The proposed Mount Desert Rock coral zone is an 18-square-mile area southwest of Mount Desert Rock, a small island that lies about 20 nautical miles south of Mount Desert Island. Depths range from about 330 feet to more than 650 feet. Researchers have surveyed this area a half-dozen times since 2002, finding both low-density coral habitats and coral gardens on the high slopes, as well as sea pen beds.

Researchers also have found evidence that fishing has damaged these coral habitats. Scarring has been found on the ocean bottom from trawler boats that drag their nets along the basins, denuding the bottom of most plant life. And lobster pots can get in the rocky crevices where coral gardens now thrive, crushing the coral or dislodging it from the rock.


These cold-water coral habitats are largely unexplored, but are believed to be increasingly rare, suffering from centuries of damage from fishing gear. They provide shelter, food and refuge to fish such as cod, silver hake and pollock.

But these zones are also home to lobster, one of the nation’s most lucrative fisheries.

The state Department of Marine Resources believes more than 100 lobster boats launch from at least 15 ports in Down East Maine to fish in the 49 square miles of ocean that make up the Mount Desert Rock and Outer Schoodic Ridge coral zones. The state’s overall lobster fleet includes about 6,000 commercial licenses.

Department of Marine Resources Commissioner Pat Keliher traveled to Connecticut to make the case for a lobster exemption, too, as did Patrick Shepard, a fisheries policy expert for the Maine Center for Coastal Fisheries.

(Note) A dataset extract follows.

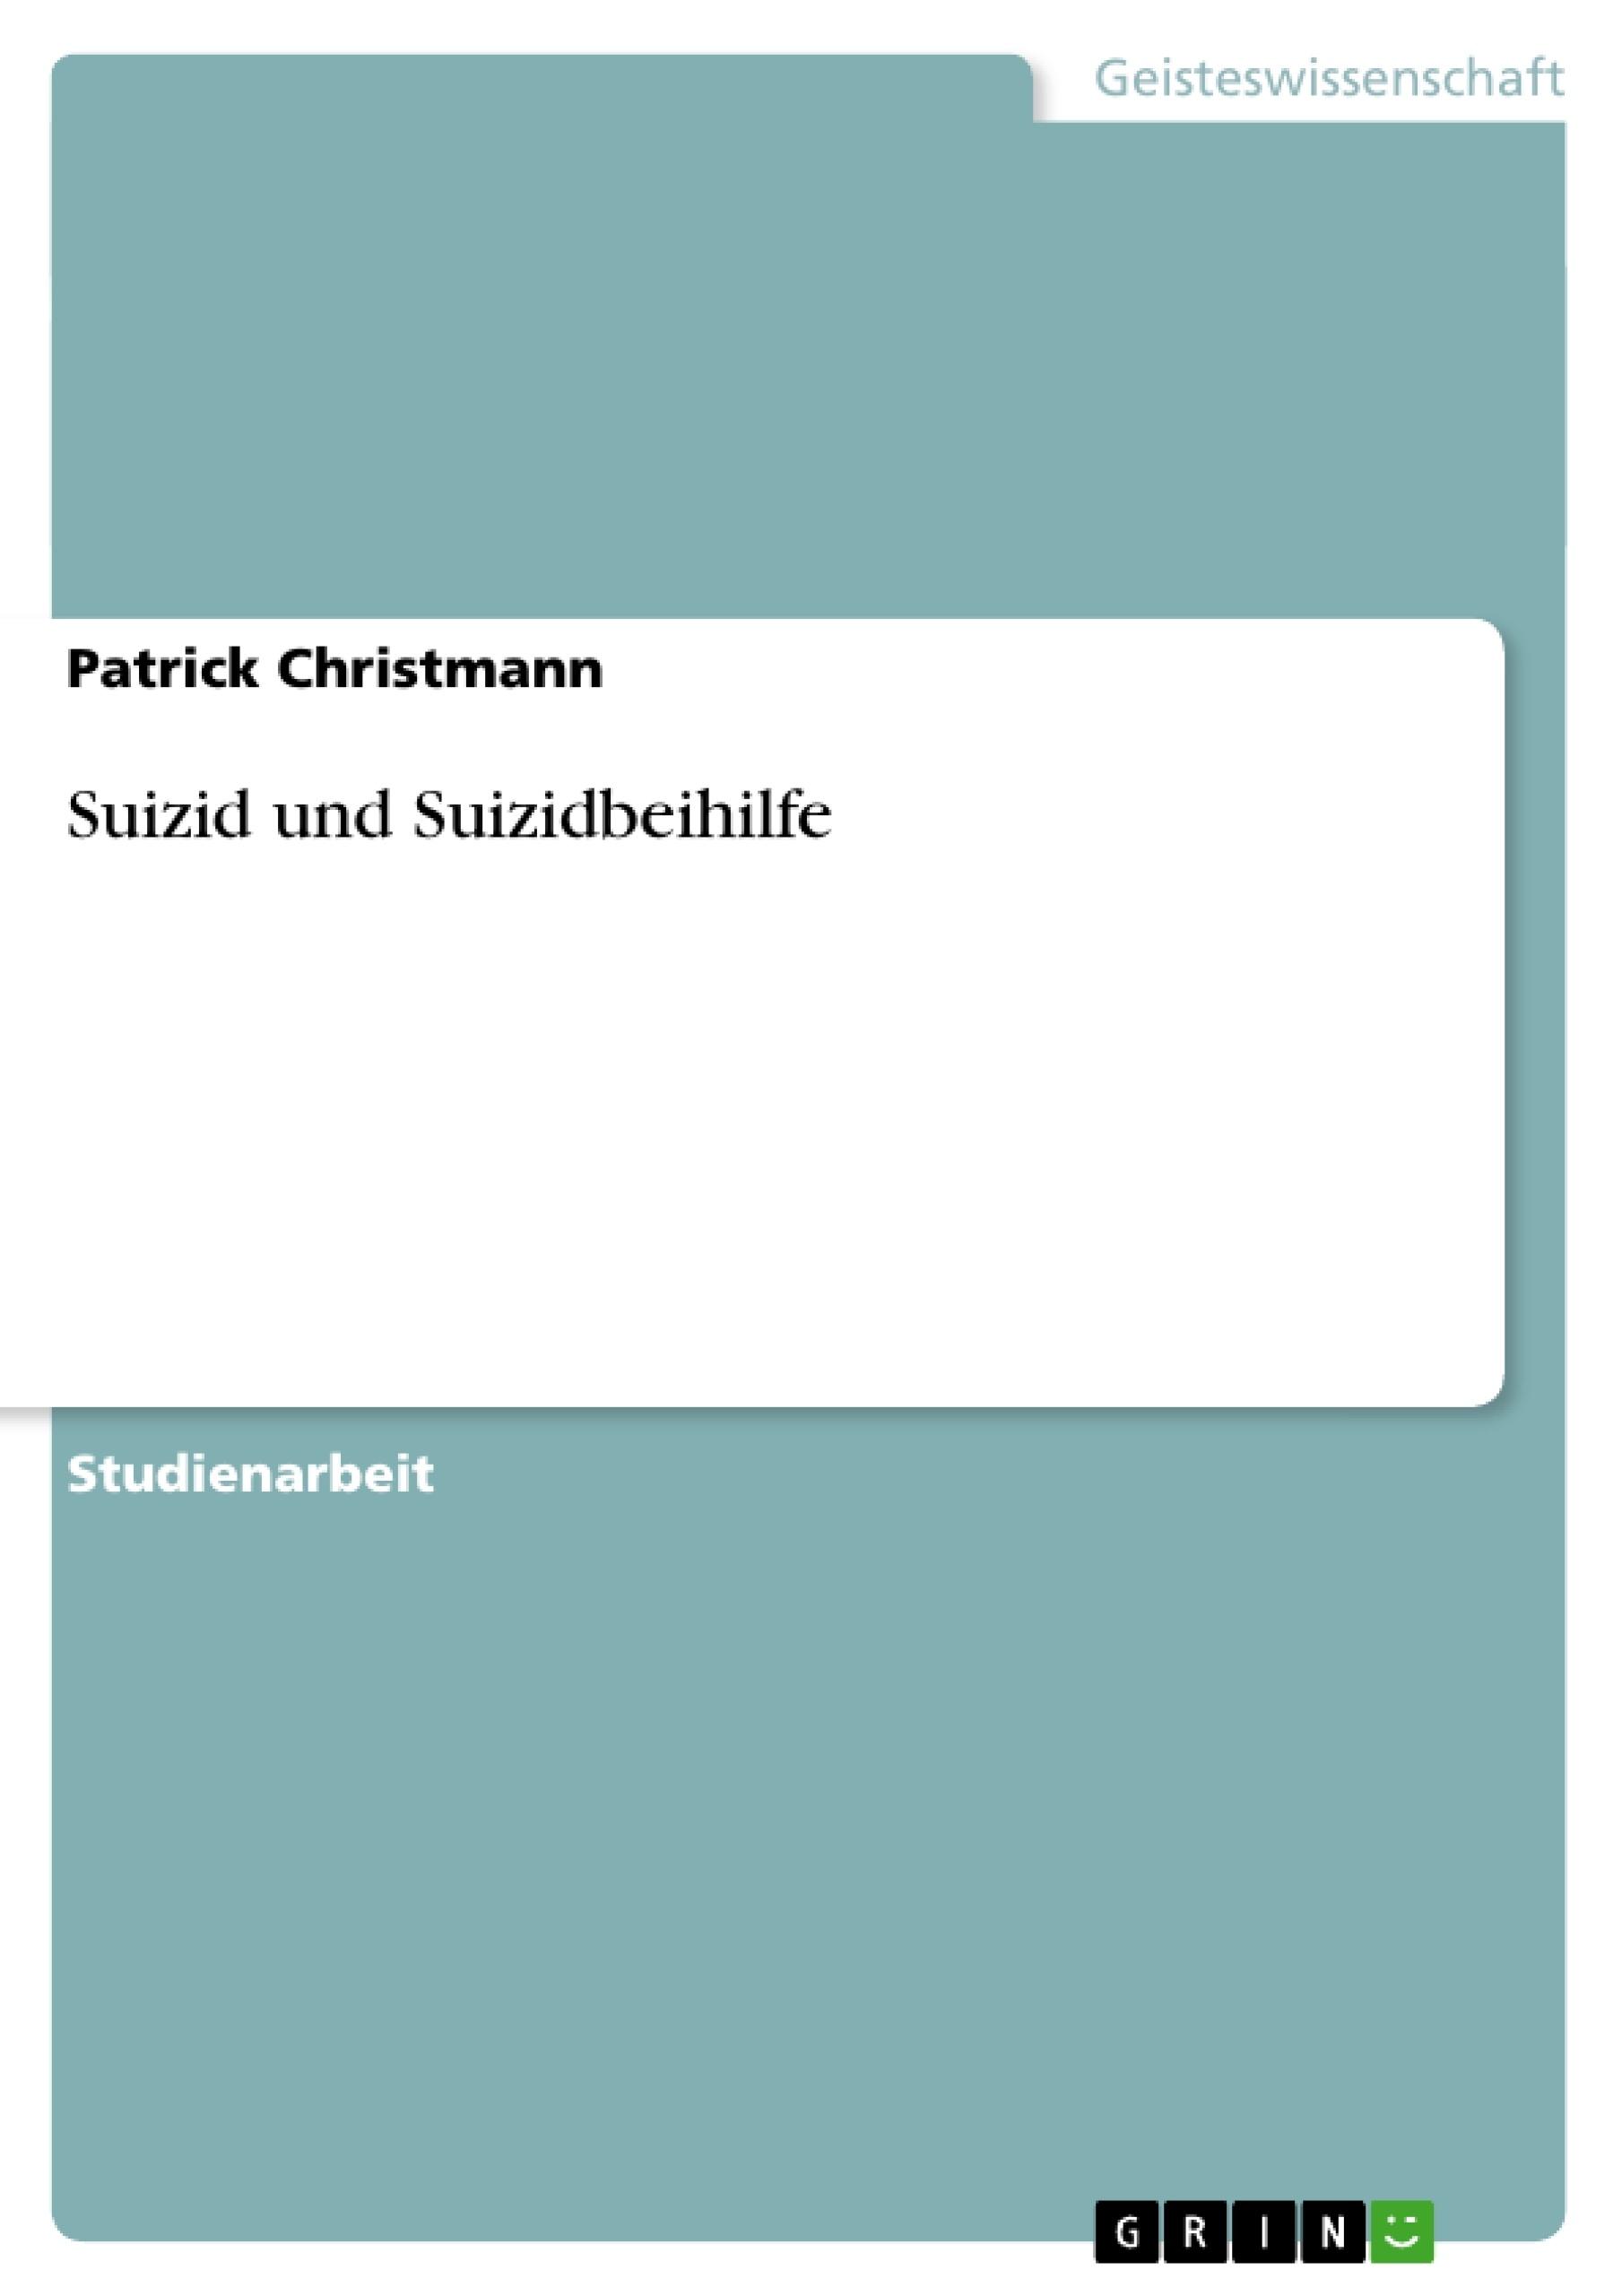 Titel: Suizid und Suizidbeihilfe

Maine Lobstermen’s Association Director Patrice McCarron has told the fishery management council that the possibility of being shut out of these two zones has “put the fear of God” into Maine lobstermen.

Lobstermen do all they can to avoid coral areas, which tend to be rocky, because the sunken lines required in these areas to avoid right whale entanglement mean ruined and sometimes lost gear if it snags, McCarron said.



His testimony persuaded Connecticut council member Michael McKenzie. “Why would a lobsterman risk losing gear in a coral zone?” McKenzie said.

The history professor said he remains open to a lobster ban in the future, but for now, he prefers some coral protection to none. Trying to ban lobstering in coral areas could have caused the entire protection effort to fail, he said.

The proposed exemption is “far from a done deal,” said Stockwell, the marine resources external affairs director. Fishermen who would lose money if the coral zones are closed to lobstering need to speak up at two public hearings to be scheduled in Machias and Ellsworth in late May, he said.

Stockwell expects environmentalists to oppose the exemption.